Ik stel vervolgens punt 3 van de brief aan de orde. Dat luidt: "Afhankelijk van de uitkomst van de stemmingen met betrekking tot onderdeel 2 stelt de commissie voor, indien aan de agendapunten 4 en 5 geen instemming wordt onthouden op de gronden die daarbij aan de orde zijn, ten aanzien van agendapunt 4 een parlementair voorbehoud aan te tekenen bij artikel 4, lid 7, van het ontwerpkaderbesluit inzake het Europees arrestatiebevel (zoals weergegeven in zittingsdocument SN 4698/01, d.d. 26 november 2001). Dit betekent dat de Eerste Kamer de instemming onthoudt aan dit kaderbesluit wanneer het politiek akkoord op 6/7 december inhoudt dat, in tegenstelling tot de Nederlandse inzet die staat weergegeven in voetnoot 3, de Raad zou besluiten tot handhaving van de door het Voorzitterschap voorgestelde formulering van artikel 4, lid 7."

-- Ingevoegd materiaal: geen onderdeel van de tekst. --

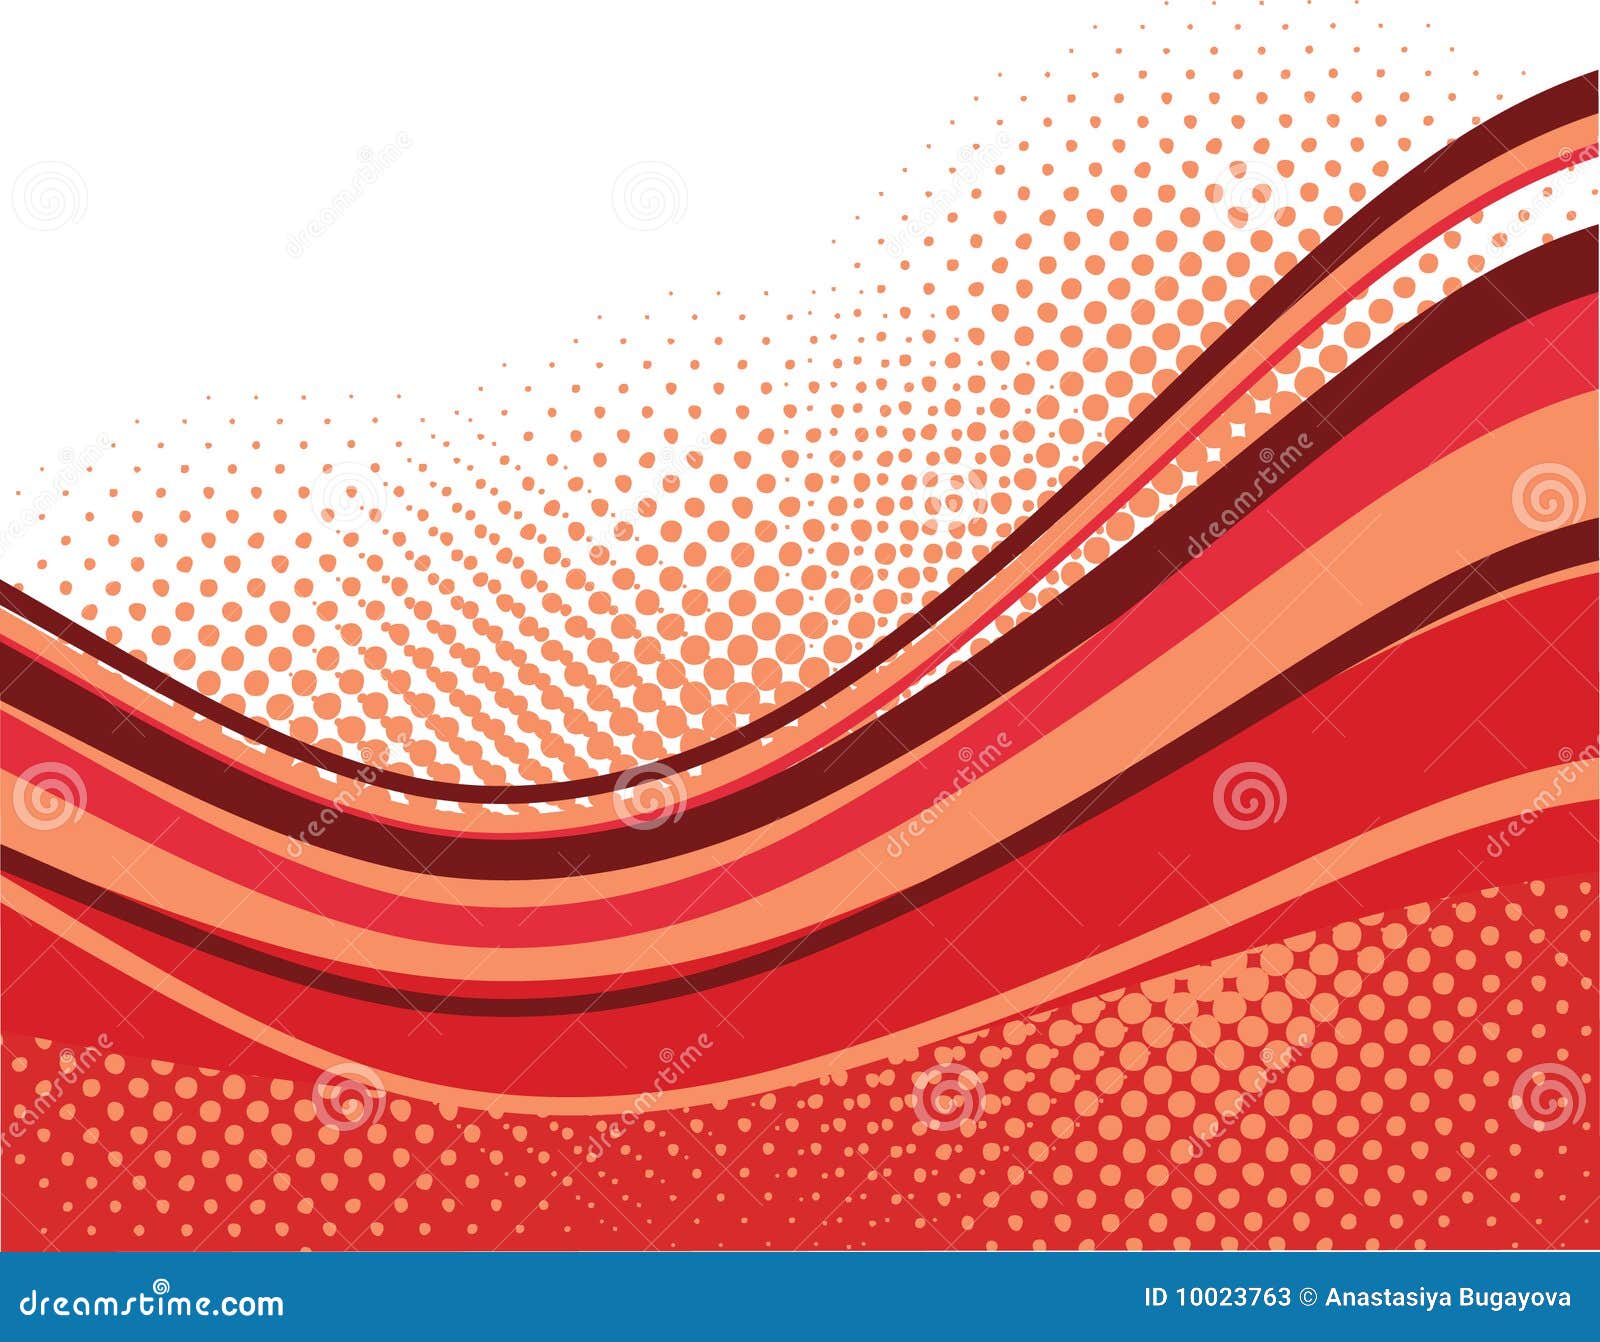 Red waves background stock vector. Illustration of frame - 10023763

Ik stel voor, de Kamer het bedoelde parlementaire voorbehoud te doen uitspreken, maar daarvoor moet ik een sondering houden. Is de Kamer het ermee eens, onder die omstandigheden, een dergelijk voorbehoud aan te tekenen? De leden die niet met dit voorbehoud instemmen, vraag ik te gaan staan.

Ik constateer dat dit voorbehoud met algemene stemmen wordt onderschreven. Daarmee is dit agendapunt voor vandaag afgehandeld. Ik wens de minister veel succes met het vervolg.

Wij zouden nu verder moeten gaan met de behandeling van de wetsvoorstellen op het gebied van onder andere het procesrecht voor burgerlijke zaken, maar hoeveel tijd heeft de minister nodig voor zijn antwoord in eerste termijn?

Minister Korthals:

Voorzitter. Ik schat tussen de anderhalf en twee uur. Ik zal het zo snel mogelijk doen, dus ik heb anderhalf uur nodig.

De voorzitter:

Dan blijft ons niets anders over dan te schorsen voor een dinerpauze.

De vergadering wordt van 18.45 uur tot 20.15 uur geschorst.